Frequently Asked Questions

How did the name Warrandyte originate?

It has long been thought that ‘Warrandyte’ could be translated as ‘that which is thrown’.   The Wurundji dreamtime story: how Bunjil, the Great Eagle, the all-powerful, ever-watchful creator of the world, had once gazed down upon his people from the Star Altair and seen their wrong-doing.  Awaiting their return, with a mighty crash of thunder, he hurled down a star to destroy them.  Where star struck created the (Warrandyte) gorge we see today.  Bunjil’s people always remembered the spot. They called it Warrandyte, the place where Bunjil had hurled down the Star to punish his people.
Source: Warrandyte Diary.

Was Warrandyte always known by that name?

Warrandyte was called Anderson’s Creek after James Anderson who in 1839 had a cattle and sheep station in the area where the creek, that still bears his name, meets the Yarra River.

The name Warrandyte was first employed in 1841 when surveyor T. H. Nutt named the district from Anderson’s Creek to Croydon as “Parish of Warrandyte, County of Bourke”.

In 1856 the township itself was laid out and named “Township of Warrandyte, County of Evelyn”.   However, the name was not formalised until 1908.

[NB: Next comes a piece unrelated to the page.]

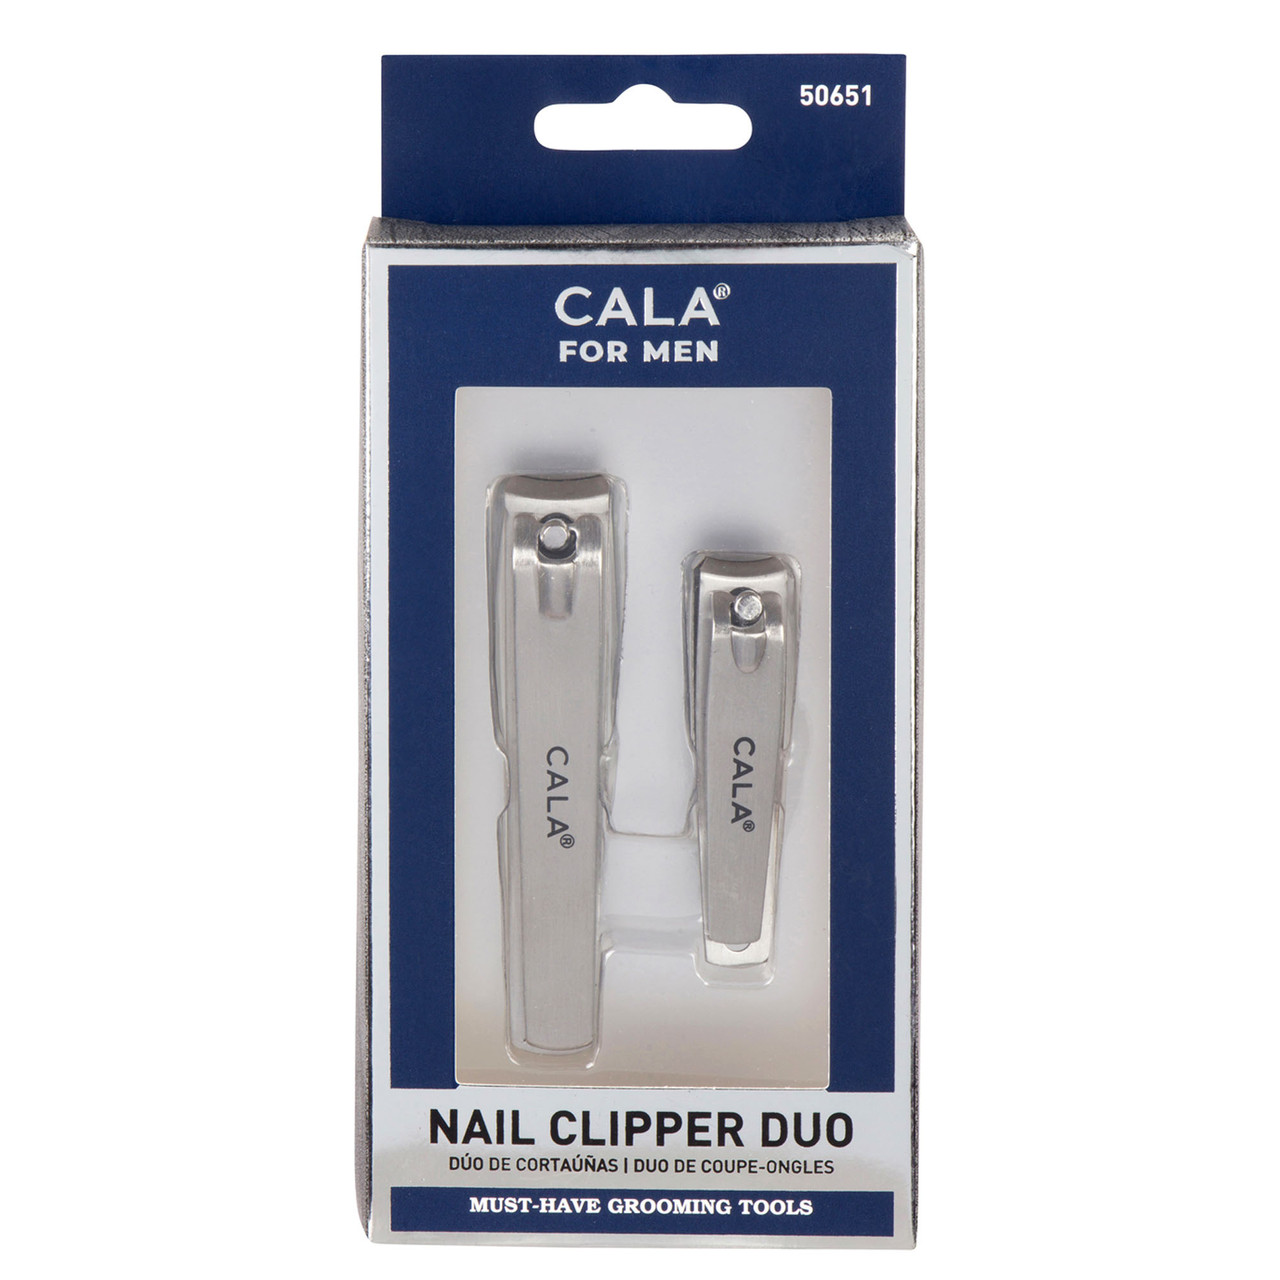 CALA PRO TOENAIL CLIPPER - CALA PRODUCTS

Between 1841 and 1908 both names, Anderson’s Creek and Warrandyte were used to the confusion of many.   This confusion was enhanced when the Lilydale railway line was opened in 1882 and the station at Croydon was called Warrandyte Railway Station until 1884, when it was renamed Croydon.

When was gold discovered in Warrandyte?

The first recorded official discovery of gold in Victoria was at Warrandyte together with one in the Pyrenees, both declared on July 16, 1851.

The Warrandyte discovery was made by Louis Michel and his team.  A cairn has been erected at the spot in Anderson’s Creek and the locality was named The Victorian Goldfield in honour of the new colony of Victoria which had been inaugurated on July 1, 1851.

Earlier discoveries in Warrandyte said to have been made from as early as 1841 but were not reported.

What is the history of gold mining in Warrandyte?

Alluvial gold, discovered in the gullies in July 1851, was almost depleted by the end of that year.  The search was revived in 1854 when prospecting began in the Yarra River and tributary creeks.  This resulted in the diversion of the river at Thompsons Bend (The Island) in 1859 and through the Pound Bend tunnel in 1870.  Quartz mining commenced in 1852 by small partnerships of two to three people who sank shafts up to 30 metres deep.   Later, companies were formed, and they used heavy crushing machinery to get gold out of the quartz.  The largest of these was the Caledonia Consolidated Gold Mining Company (no liability) that, from 1904 to 1908 employed as many as 250 men to recover 2600 ounces of gold.  The main shaft of this mine was sunk to a depth of 187 metres and the mine was worked on 6 different levels.  It closed in 1913.

The Pound Bend Tunnel

On February 8 1870, a public company named the Evelyn Tunnel Mining Company was formed.  The object was to create a tunnel through the narrow section where the Yarra River turns back on itself and divert the river through it.  This left five kilometres of river bed which could be mined for alluvial gold.  The tunnel took three and a half months to build.  It is 196 metres long, six metres wide and four metres deep.  The company encountered many problems, including having to remove up to 14 metres of silt prior to sluicing.  The returns approximated the costs involved and as a result the company never paid a dividend and was wound up in September 1872.